The gang of misfits must unite to defeat Deukelian Atlas (Edgar Ramirez, a disposable antagonist with no sense of development), who wants to open a vault for reasons that are too nebulous to explain (no, it’s not the COVID that made this critic forget, the motivations are this half-baked that it makes no sense even to bother explaining). A series of mindless action sequences ensue, none entertaining, lacking the urgency and nail-biting violence of Thanksgiving’s Black Friday sequence, which turned our mindless consumers into symbolic representations of George A. Romero’s Zombies perusing a mall in Dawn of the Dead

Bouts of hacked-to-shreds (clearly R-rated, but cut down to PG-13) action is sandwiched in between moments of unfunny comedy (jokes on bodily humour or Claptrap going SCANNING SCANNING SCANNING!), and rinse and repeat until the aforementioned climax so bewildering someone will not escape from this film unscathed. It won’t be Blanchett. It won’t be Curtis, nor Hart (really, the least of the film’s problems, but he has material that does him zero favors). Perhaps Jack Black, but only because he may have destroyed his career by severing ties with his best friend and collaborator over an admittedly tasteless joke, but not the one to finish the legacy of Tenacious D over. 

No, the one person who may not get out of this film unscathed is Roth himself, even if he may not take any credit for the final cut. To be honest, none of the movie contains Roth’s eye. He may not be a crowd-pleasing filmmaker, but he knows how to shoot effective action and has done large-scale productions that worked. Here, the lively colors and expansive hairdos can’t compensate for the bland, almost unfinished green-screen environments that populate action scenes or even set environments during dialogue sequences that go virtually nowhere. There’s no life in any of the frames created by cinematographer Rogier Stoffers, almost as if Roth is on sleep mode (or the current cut playing in empty cinemas is so vapid of soul that his imprint is completely gone).
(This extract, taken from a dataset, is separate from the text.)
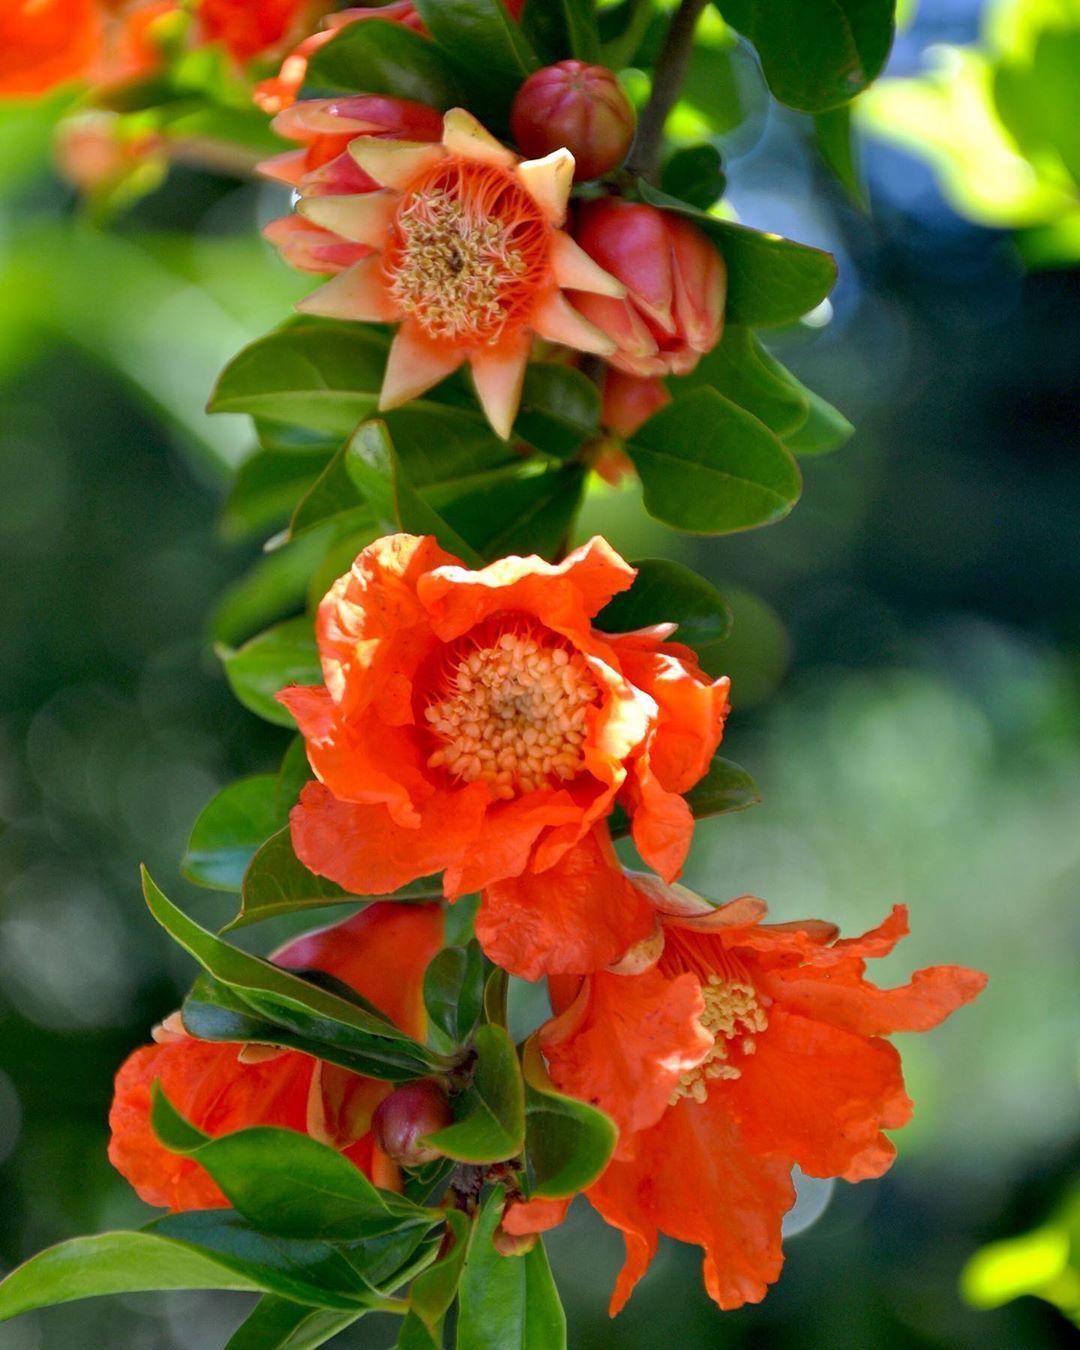 Adivina Adivinanza Acostumbrados A Ver La Fruta En El Supermercado Y En El Plato Hoy Os Enseno Una Mucho Antes De Ser Flowers Plants Bloom

Regardless, it pales in comparison to Thanksgiving, which creatively resurrected his filmmaking prowess via the studio system and was so successful Sony greenlit a sequel a week after its release. 

Borderlands will never get a sequel, but beyond what Roth is working now, will he ever get out of this mess? It’s unfortunate that audiences will never see his completed vision, but there’s little doubt it will be any better than what’s on screen, especially in the wake of Craig Mazin having requested to take his name off the screenplay once Roth and Joe Crombie made numerous changes that allegedly diluted Mazin’s material. Who knows what happened, and it will be interesting to see if there will be any investigative pieces released on what could be the biggest flop in modern cinema history, but one thing’s for sure: Uwe Boll would’ve made a better film, and there’s no denying it. He may not be an artist, but he would’ve kept it as nasty and as gnarly as the original games are. Postal undefeated.